Eric also has a boatload of wizards, most of which help with the construction of various Qt dialogs. There's the QColorDialog wizard, the QFileDialog wizard, the QInputDialog wizard, the QMessageBox wizard, and more.

As you might guess, Eric excels at building Qt-based GUI applications. You launch the Qt Designer to begin construction of a Form, which is the fundamental container for user interface components, such as Dialog, Widget, Main Window, and so on. The Qt Designer is a drag-and-drop GUI builder that's as good as any I've seen. It builds a *.ui file, an XML file that captures the properties and content of Forms in your application.

Ultimately, when it's time to run the application, Eric executes the pyuic tool, which reads the *.ui file and generates Python code. (Alternatively, you can keep the *.ui files around and generate the Python classes dynamically.) The code generator is intelligent. Suppose you've already generated code from a *.ui file that had several events selected, and for which stub handlers have been created. If you want to add more events, you can do that, regenerate the Python source, and Eric will recognize -- and not overwrite -- the existing user-supplied code.

Eric's multithread-capable debugger executes in a right-hand pane, within what is called the Debug Viewer. This provides a tab that includes local and global variables viewers, current breakpoints, watches, and triggered exceptions. The exceptions window shows the location in the source where the exception fired.

Eric has piles of other features. It has a plug-in for Subversion and the Python binding for Subversion (pysvn) built in. You can also download a plug-in for CVS and (if you're running Eric5) for Mercurial. Eric also comes with code coverage and code metrics reporting. The code metrics include a table showing the number of classes and methods in the target file, the number of lines of code, the number of lines of comments, and so on.

Eric's help system is a combination help viewer and HTML browser. Based on QtWebKit, it is actually a mixture of Web browser and Qt Assistant, Qt's document presentation tool. Unfortunately, Eric has no real user documentation. If you're interested in Eric's internals, that's a different matter. The documentation for Eric's API is extensive and well organized.
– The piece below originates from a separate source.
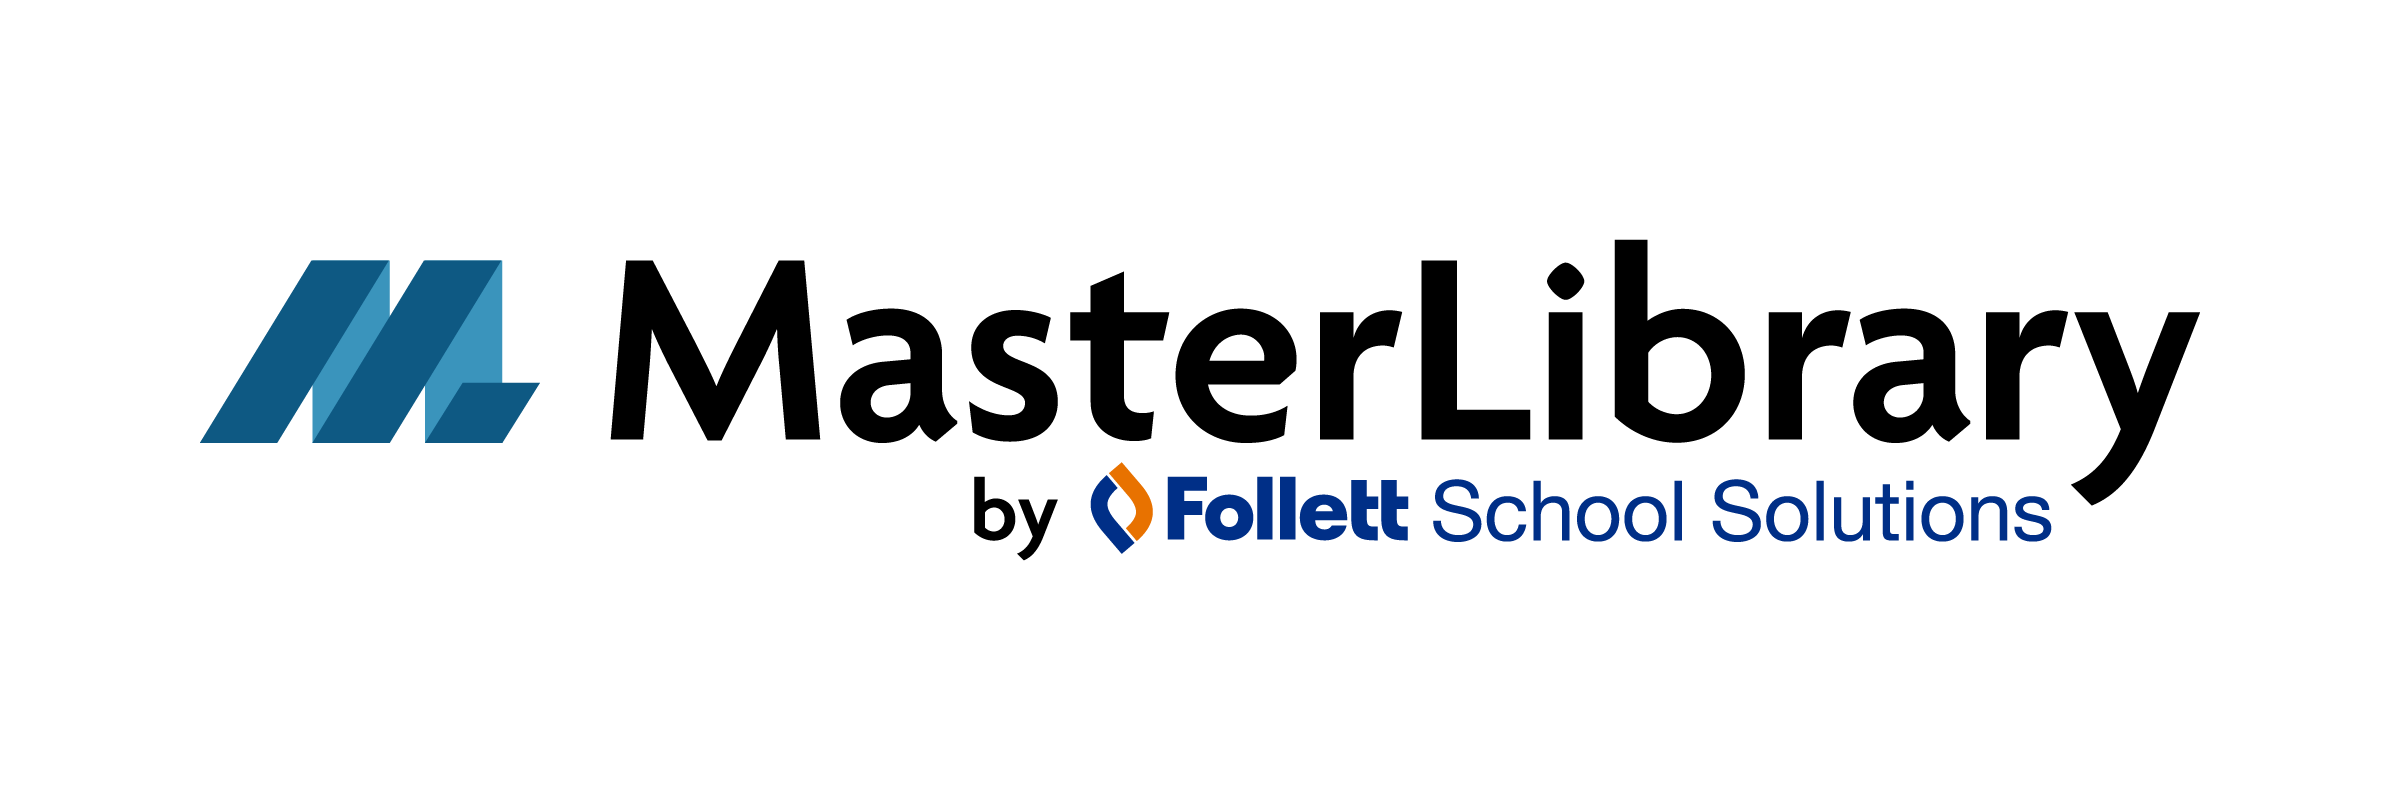 MasterLibrary by Follett School Solutions logo

There are tutorials on the website, and from these tutorials you can deduce many of the processes it requires to create the graphical portions of a Qt application. But once you get past the basics, you're pretty much on your own. Prowling the Internet for issues reported by other Eric users is one solution, but not a very good one. Put simply, Eric is a good IDE. With suitable documentation, Eric would be a great IDE.

Eric4 is an outstanding IDE, but its Achilles' heel is limited documentation. Shown here debugging a Python script.
Eric4 is an outstanding IDE, but its Achilles' heel is limited documentation. Shown here debugging a Python script.